- [Task brief]
From the entries below, gather each line containing the word "also".

- [Supplied information]
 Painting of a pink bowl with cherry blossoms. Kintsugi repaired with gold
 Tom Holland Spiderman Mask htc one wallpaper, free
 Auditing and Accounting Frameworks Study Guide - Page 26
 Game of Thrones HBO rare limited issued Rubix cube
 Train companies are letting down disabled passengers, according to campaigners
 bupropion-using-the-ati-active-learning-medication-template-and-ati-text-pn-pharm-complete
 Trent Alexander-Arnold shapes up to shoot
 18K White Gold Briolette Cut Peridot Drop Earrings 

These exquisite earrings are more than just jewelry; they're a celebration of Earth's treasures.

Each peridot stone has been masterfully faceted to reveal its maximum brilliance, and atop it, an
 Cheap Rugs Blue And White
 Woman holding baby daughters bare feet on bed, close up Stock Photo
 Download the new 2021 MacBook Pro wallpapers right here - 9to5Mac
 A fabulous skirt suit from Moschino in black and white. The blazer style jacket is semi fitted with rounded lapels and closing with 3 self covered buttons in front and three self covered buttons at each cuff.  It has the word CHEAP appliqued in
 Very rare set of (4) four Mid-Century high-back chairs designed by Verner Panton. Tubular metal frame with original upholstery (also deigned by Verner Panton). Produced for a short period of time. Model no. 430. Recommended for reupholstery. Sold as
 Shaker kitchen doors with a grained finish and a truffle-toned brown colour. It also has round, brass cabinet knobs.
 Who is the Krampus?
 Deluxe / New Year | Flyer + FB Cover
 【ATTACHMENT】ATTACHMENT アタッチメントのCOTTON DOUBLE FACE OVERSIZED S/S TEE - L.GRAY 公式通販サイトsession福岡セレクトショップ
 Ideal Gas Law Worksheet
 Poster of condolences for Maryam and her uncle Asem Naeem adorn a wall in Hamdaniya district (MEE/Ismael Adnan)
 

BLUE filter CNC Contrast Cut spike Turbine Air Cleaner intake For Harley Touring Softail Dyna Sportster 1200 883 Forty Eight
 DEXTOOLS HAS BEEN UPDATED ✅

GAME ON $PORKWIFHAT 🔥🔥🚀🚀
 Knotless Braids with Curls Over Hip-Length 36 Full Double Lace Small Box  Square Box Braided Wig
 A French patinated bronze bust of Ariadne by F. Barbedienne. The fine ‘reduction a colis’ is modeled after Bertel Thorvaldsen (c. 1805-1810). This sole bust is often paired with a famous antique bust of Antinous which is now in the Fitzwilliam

- [Exercise answer]
 Very rare set of (4) four Mid-Century high-back chairs designed by Verner Panton. Tubular metal frame with original upholstery (also deigned by Verner Panton). Produced for a short period of time. Model no. 430. Recommended for reupholstery. Sold as
 Shaker kitchen doors with a grained finish and a truffle-toned brown colour. It also has round, brass cabinet knobs.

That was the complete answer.